- Exercise aim
Repeat the lines below exactly as they appear, but leave out the images.

- Given data

● ● ●

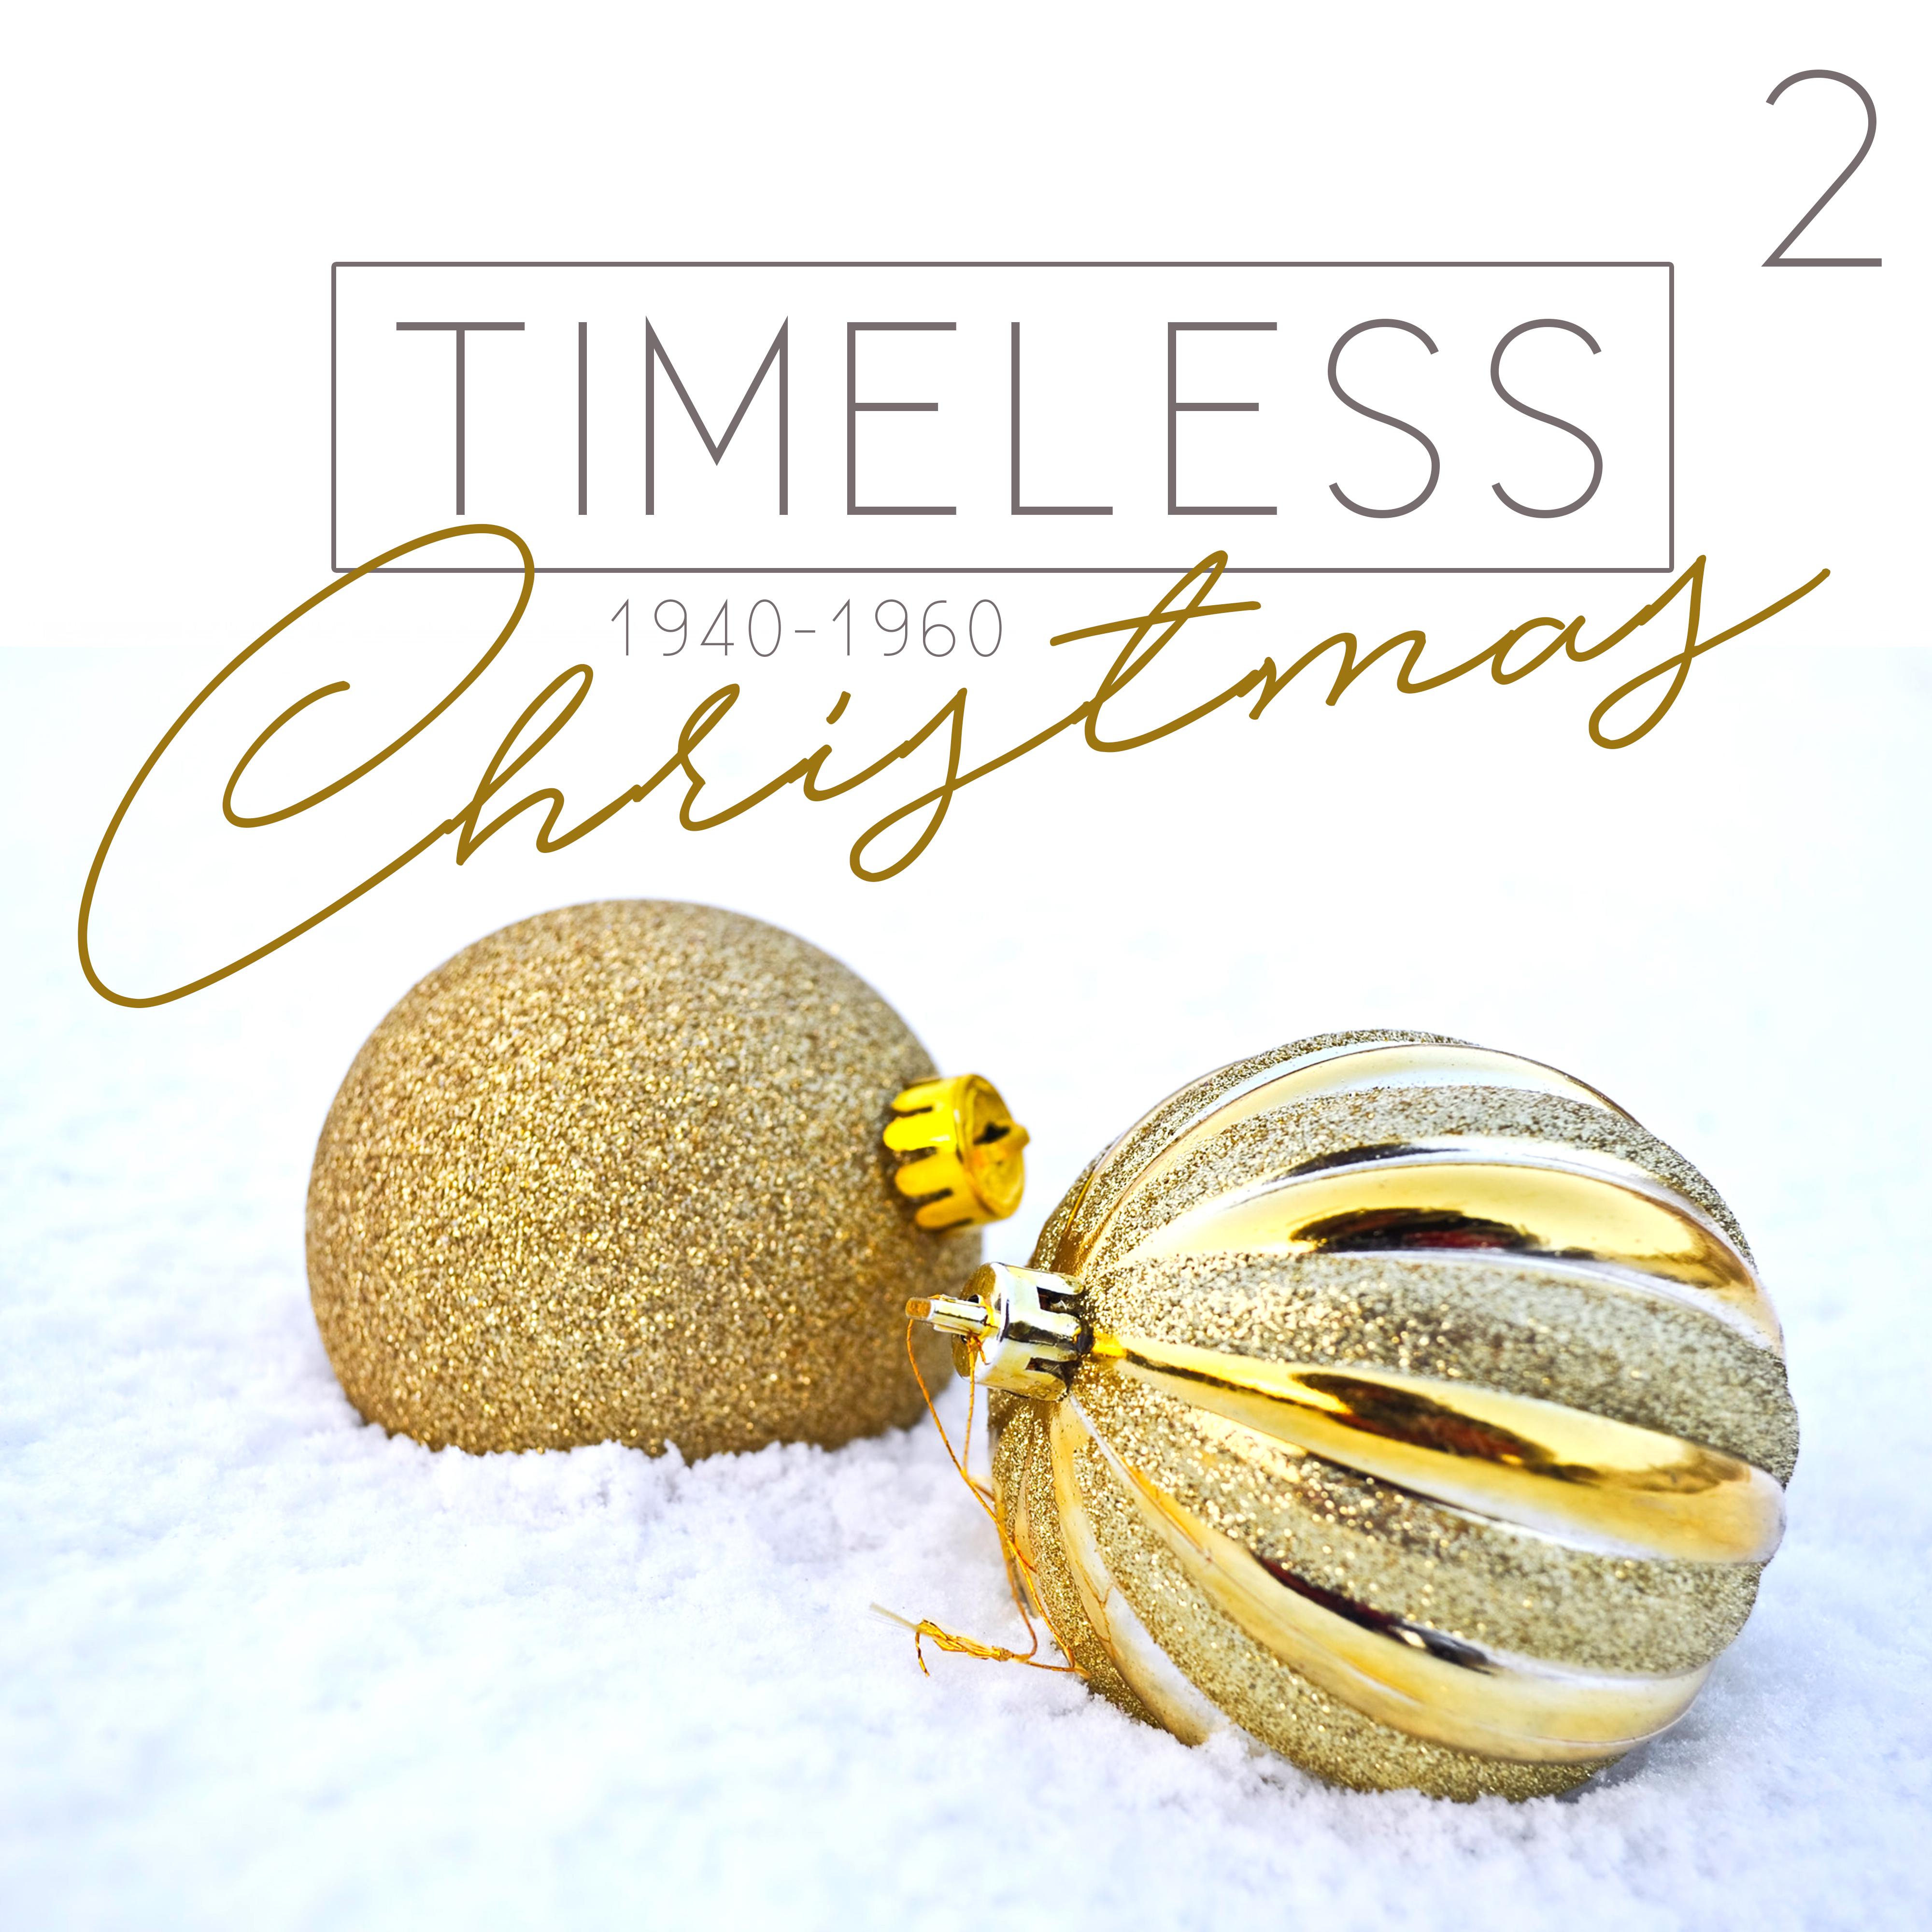 Timeless Christmas (1940 - 1960), Vol. 2
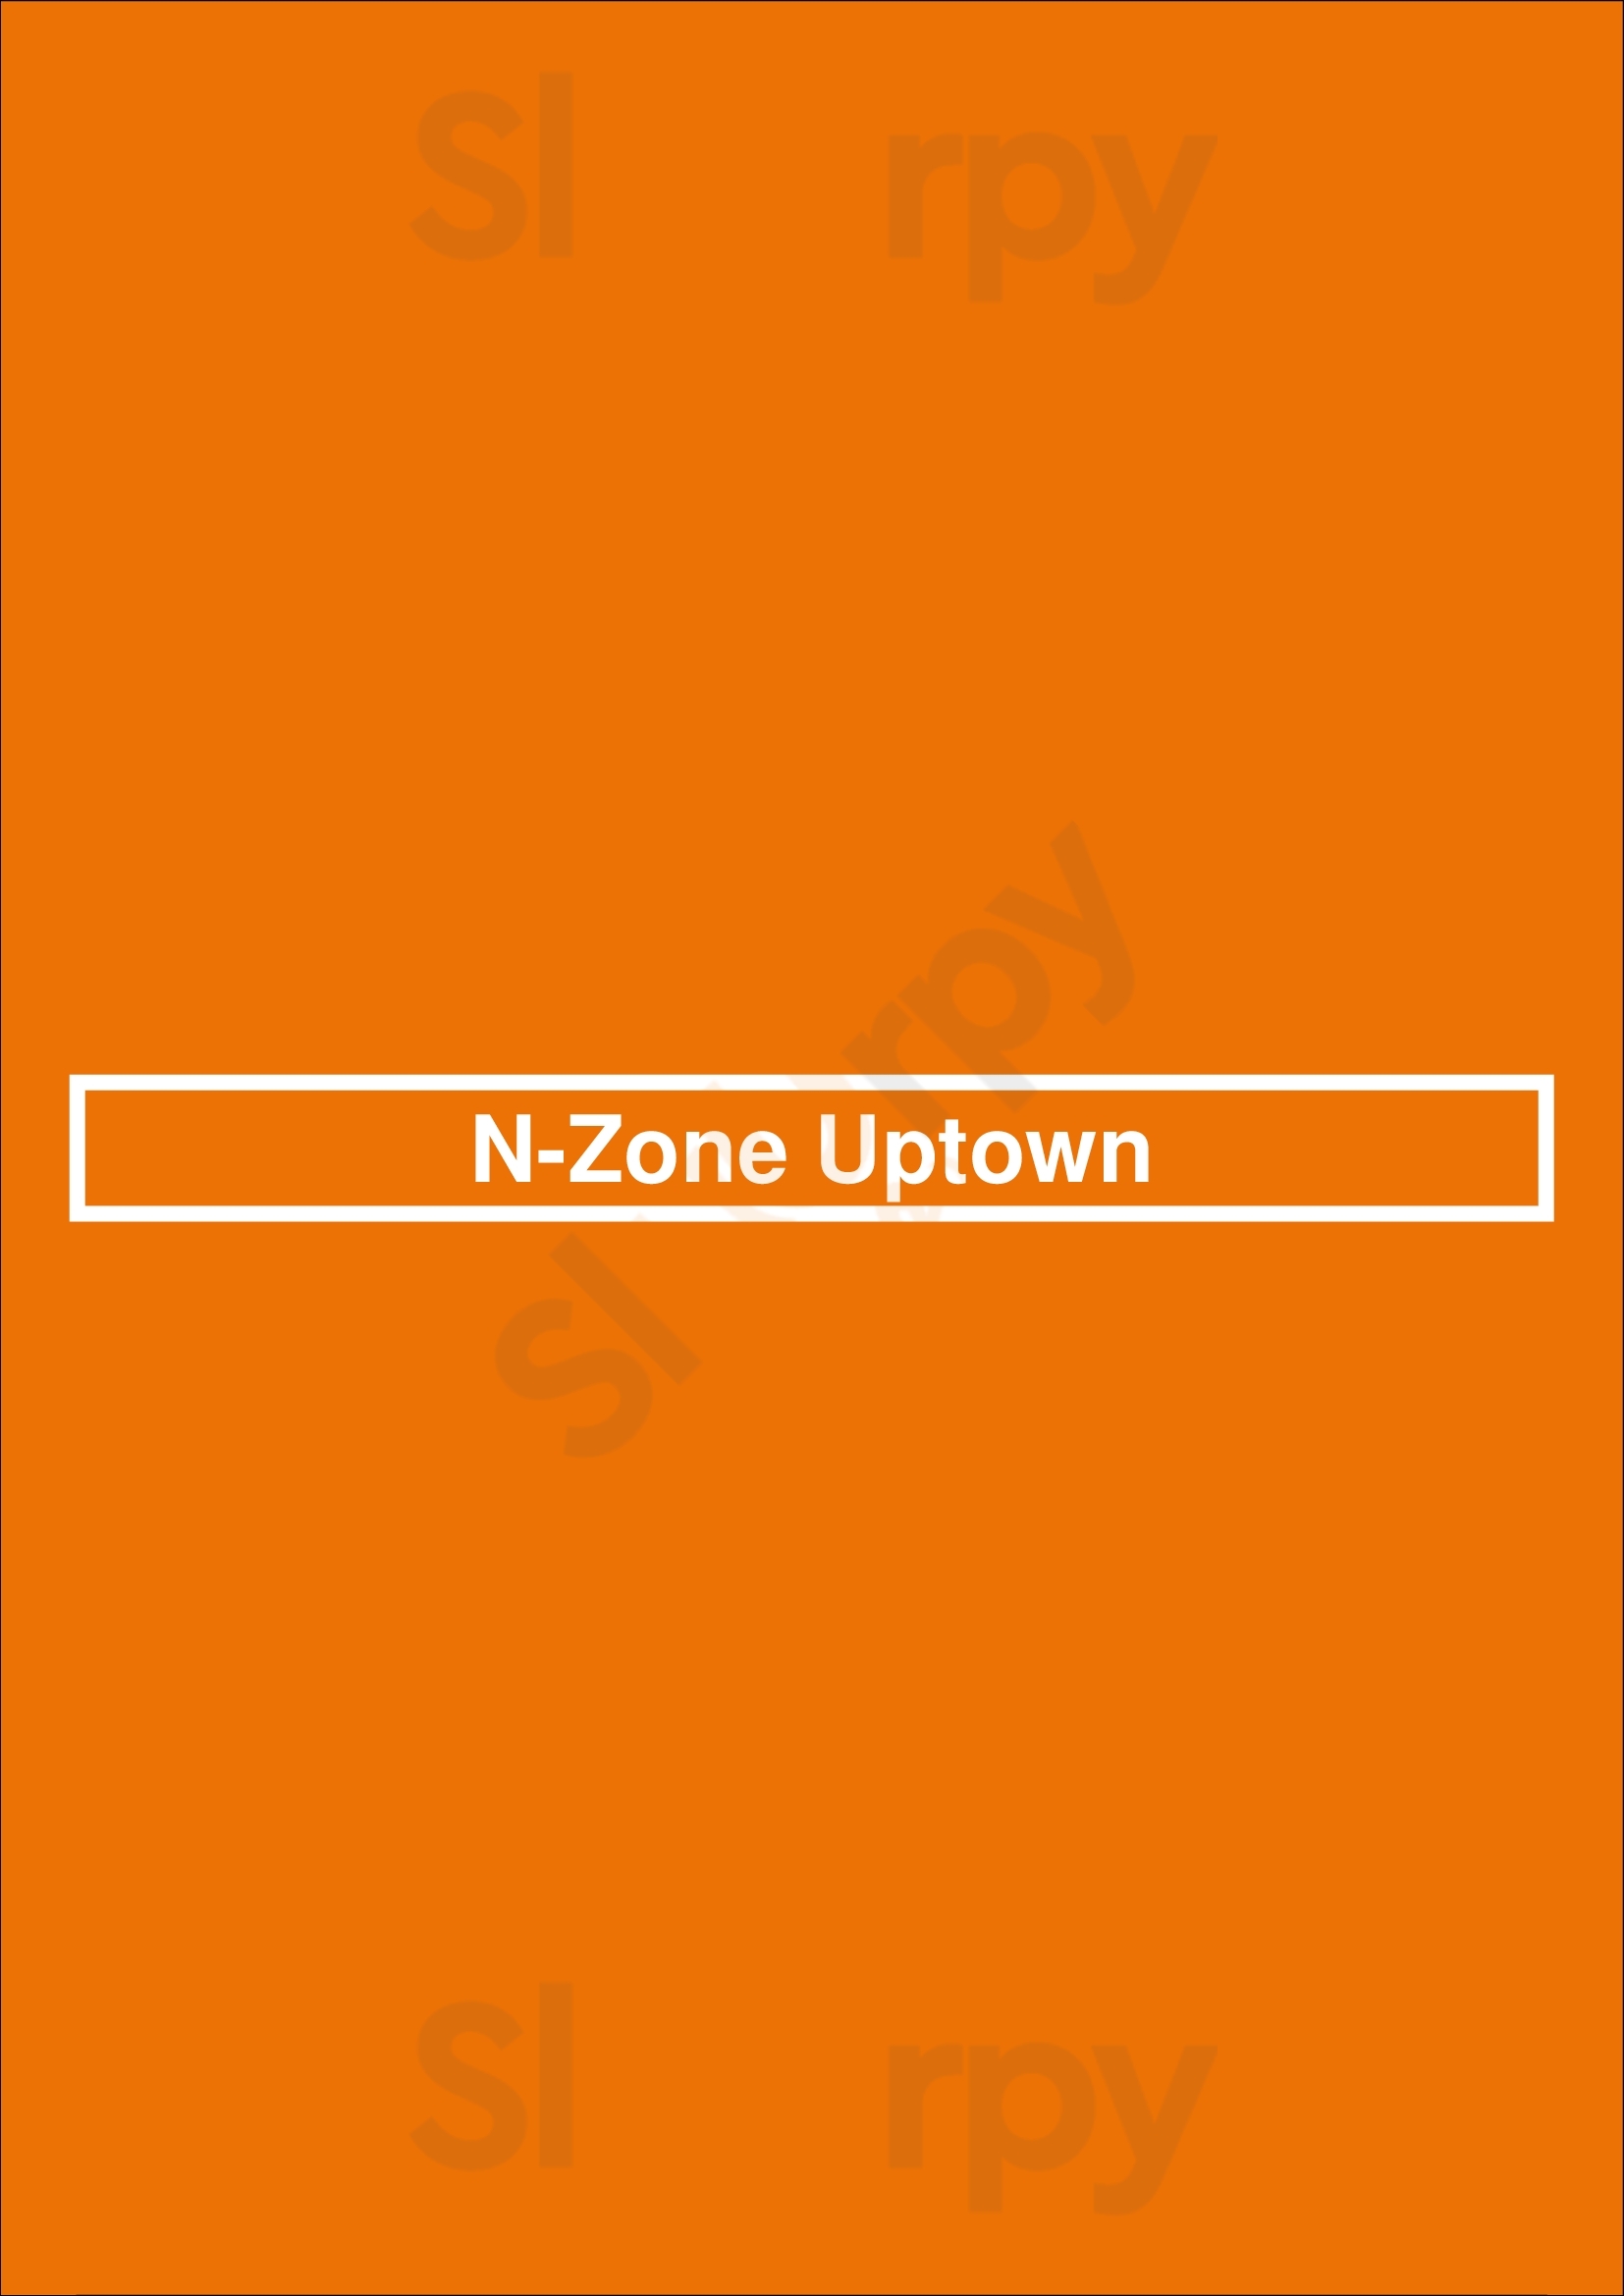 N-zone Uptown Oakland Menu - 1
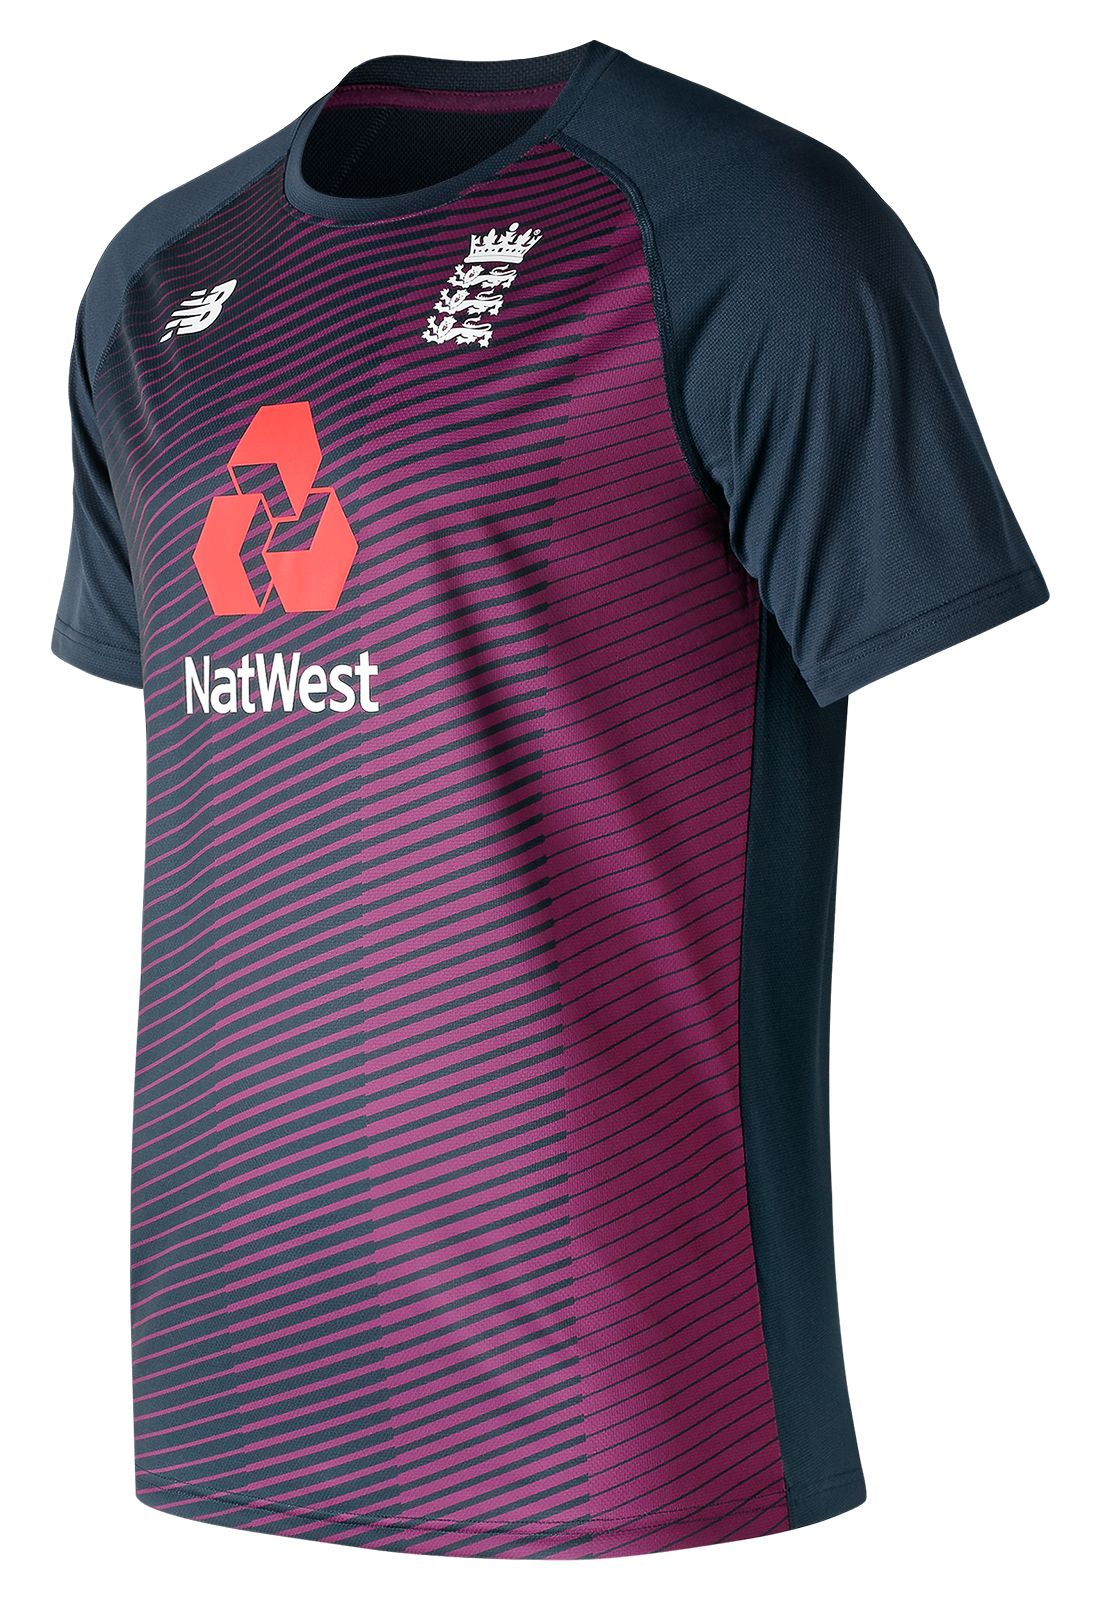 england cricket t20 jersey

● ● ●

- Answer to this problem
 Timeless Christmas (1940 - 1960), Vol. 2
 N-zone Uptown Oakland Menu - 1
 england cricket t20 jersey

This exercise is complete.